Results 1) Polyp, adenoma and significant adenoma yield per annum surveillance was 0.37%, 0.33% and 0.17% respectively. Only 2 patients developed CRC over 225 years of polyp surveillance.

2) 13.5% experienced significant pain.

3) 52.7% of surveillance colonoscopies were incomplete or had poor bowel preparation.

4) 80.6% of polyps were biopsied or retrieved.

5) No patient was found to have post-procedure bleeding or perforation.

6) Of 44 patients analysed, 25 patients (56.8%) had inappropriate surveillance colonoscopy according to BSG guidelines. Eighteen (41%) had surveillance earlier than was appropriate.
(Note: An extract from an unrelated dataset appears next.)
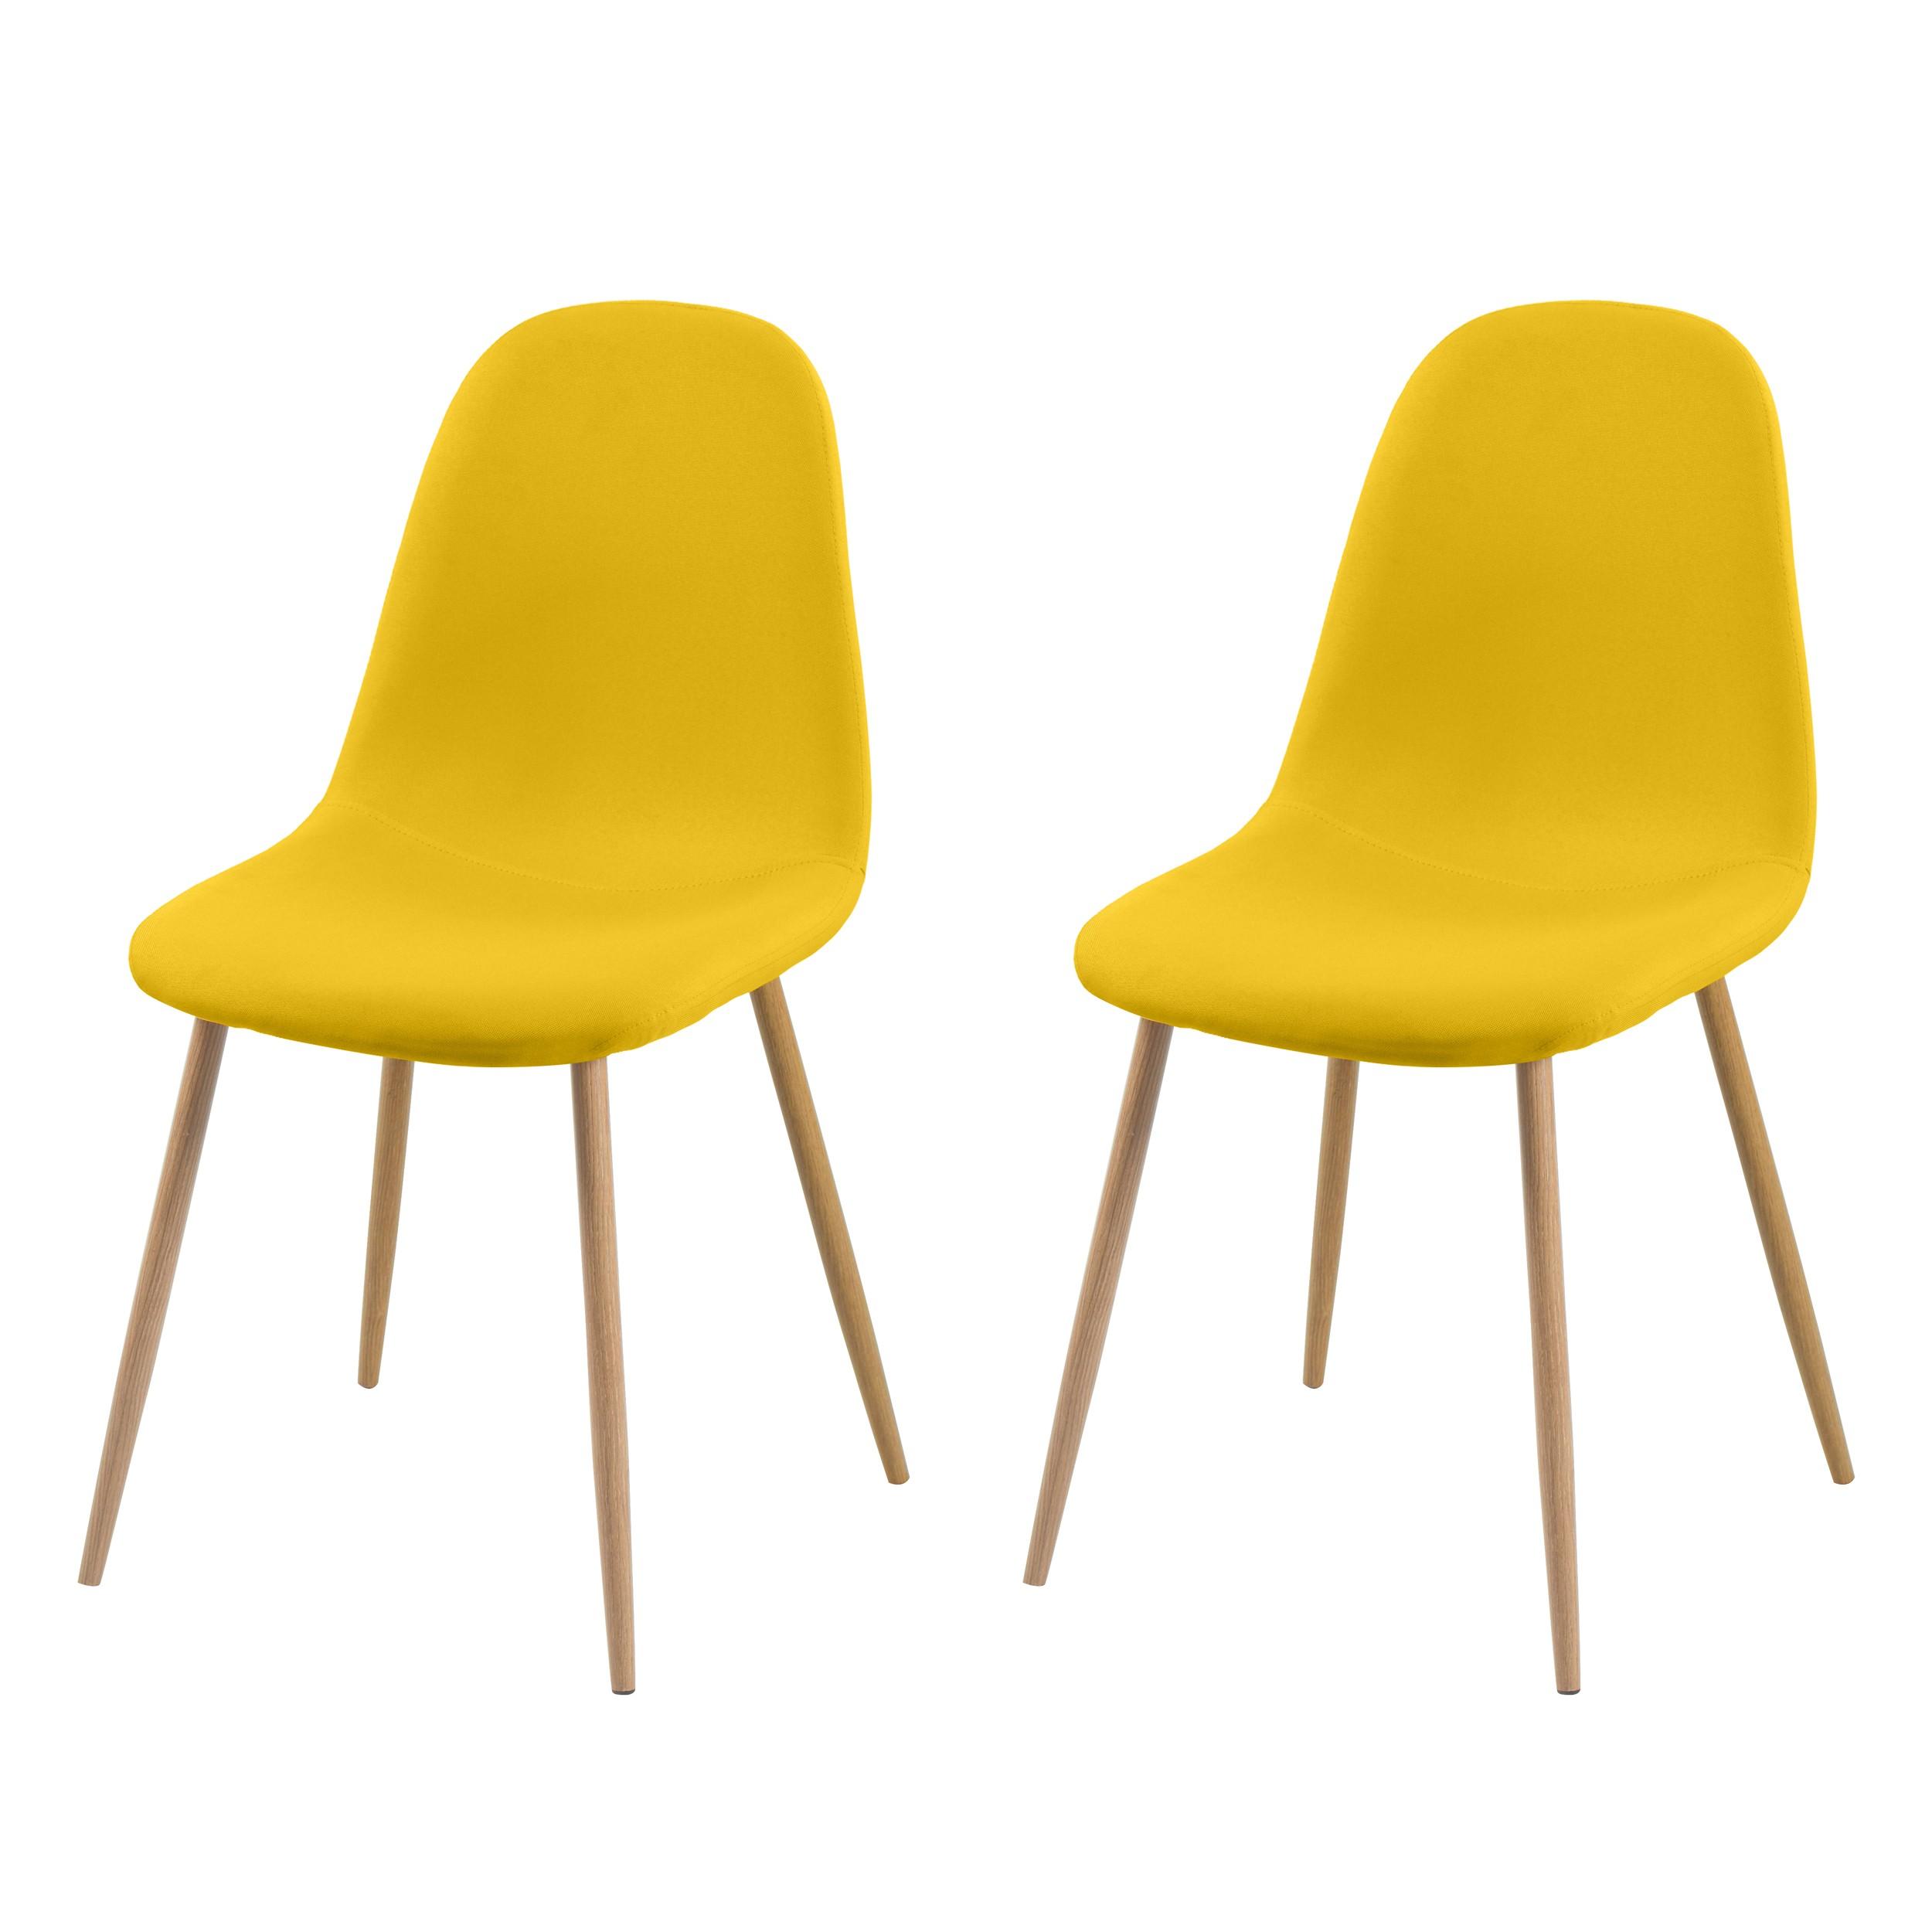 achat chaise jaune tissu bois design

Conclusion Our service evaluation suggests that polyp surveillance in elderly patients does not result in a high adenoma/polyp yield; procedures are often suboptimal due to high rates of incomplete procedures and can cause significant pain. BSG guidelines were not followed accurately. This may expose patients to further harm and waste limited resources. It therefore may be more beneficial for endoscopy departments to reduce the number of elderly individuals to whom they offer surveillance or improve compliance with the BSG guidelines. These strategies may decrease demand without resulting in an increase in the incidence of significant neoplastic disease.

Disclosure of interest None Declared.